Configuring Microsoft Windows single sign-on for Web clients in an existing IBM Lotus Domino environment

Added by ~Fred Cistumipulings | Edited by ~Fred Cistumipulings on December 19, 2011 | Version 3

Actions ▼

This article is a simplified guide of the steps to configure Microsoft Windows Single Sign-on with IBM Lotus Domino. Using this guide, you can get your environment running in just a few minutes, even if you do not have in-depth knowledge of either the Trust Association Interceptor operation mode or SPNEGO.

ShowTable of Contents

HideTable of Contents

1 Introduction
2 Configuring SSO
3 Conclusion
4 Resources
5 About the author

Introduction

As of version 8.5.1, IBM® Lotus® Domino® started to support Microsoft® Windows® Single Sign-on (SSO) with Windows Integrated Authentication via Simple and Protected GSSAPI Negotiation Mechanism (SPNEGO).

This configuration allows users to connect to Web applications without having to enter their credentials.

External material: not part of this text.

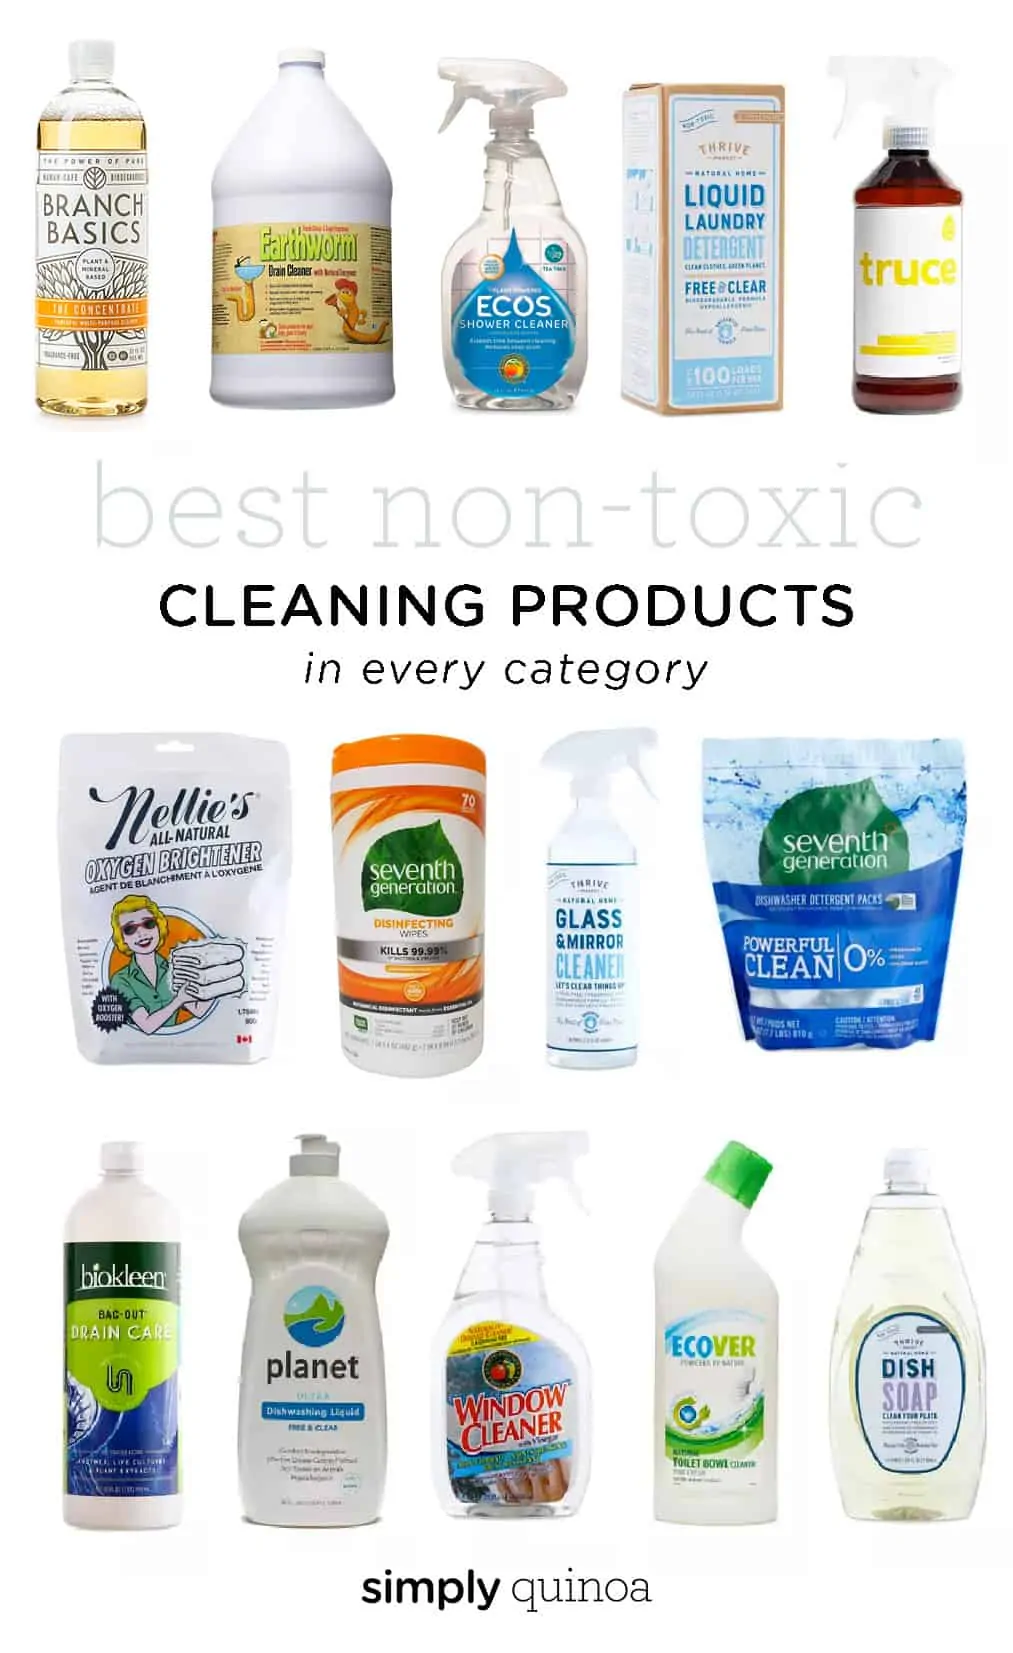 Best Non-Toxic Cleaning Products in Every Category

The authentication process takes place without passing credentials in the network, ensuring that even if sniffing is being attempted in the network, there is nothing to "sniff".

This article is a simplified guide of the steps to configure Microsoft Windows Single Sign-on with Lotus Domino. For more detailed instructions, refer to the Domino wiki article, “Configuring Microsoft Windows single sign-on on IBM WebSphere and Domino platforms."

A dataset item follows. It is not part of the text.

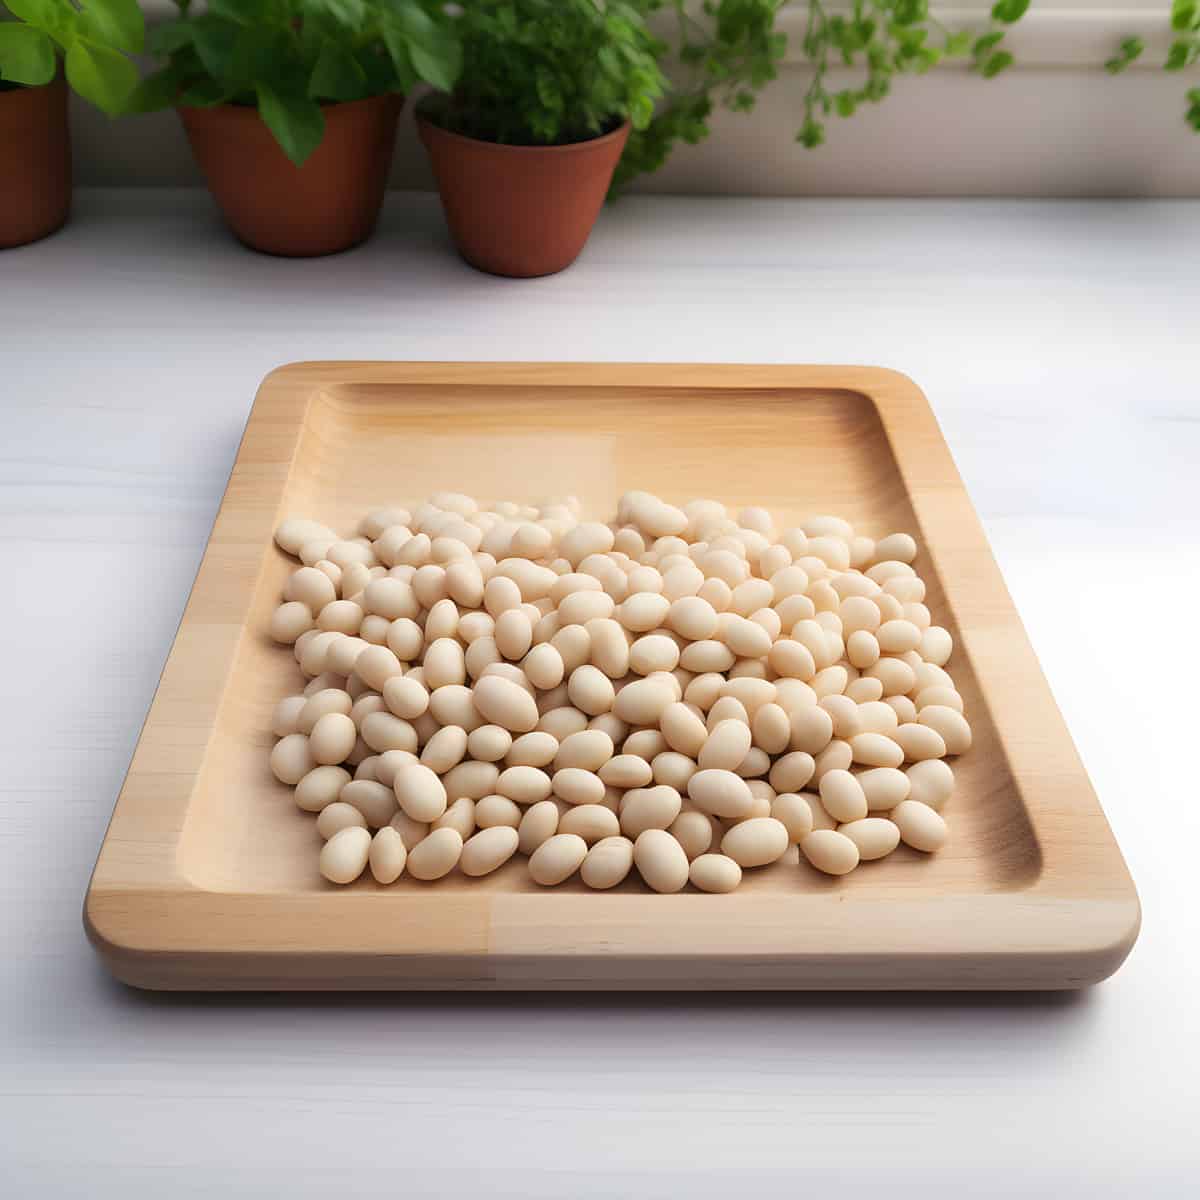 Haricot Beans on a kitchen counter

Figure 1 illustrates the authentication process.

Figure 1. Diagram of the authentication process

Configuring SSO

The steps necessary to configure SSO are few and simple, so in a few minutes we can enable it between Windows and Lotus Domino. To do this, we run the configuration described using the "Internet Sites", by defining a virtual host environment specific to the SSO domain.

We want to have two separate domains of SSO, so as not to adversely affect existing configurations, for example, as shown in figure 2.

Figure 2. Example of two separate SSO domains

In this example, the domain “net2action” allows SSO with Windows, but the domain “shamrock” does not. To allow this, we need to create the respective Web SSO Configuration documents for LtpaToken win (see figure 3) and LtpaTokenNoWin (see figure 4).

Figure 3. Web SSO Configuration document for LtpaTokenWin

Figure 4. Web SSO Configuration document for LtpaTokenNoWin

Now you must create your Domino SSO key or import the WebSphere LTPA Keys (see figure 5), if you use this solution in a complex environment of SSO Domains that includes WebSphere/Domino/Windows.

Figure 5. Keys menu

1. In the AD server with the Support Tools installed, run the command

SETSPN-a HTTP /

and use the FQDN that users will use to reach the Web server; in our case:

SETSPN-to HTTP/mail.net2action.com DominoStart

2. Then, using the command, SETSPN , verify that the configuration is correct; if needed, you can configure multiple FQDNs:

3. Now in the User name field of the Person document (see figure 6), add the full name of your user ID in Windows format, @; in our case, “p.rossi@SHAMEROCK.COM”.

Figure 6. Person document

Of course it is not difficult to create an agent that provides the mapping, but it is more functional to use an assembly line of IBM Directory Integrator, so that this configuration is dynamic and driven by changes in the AD.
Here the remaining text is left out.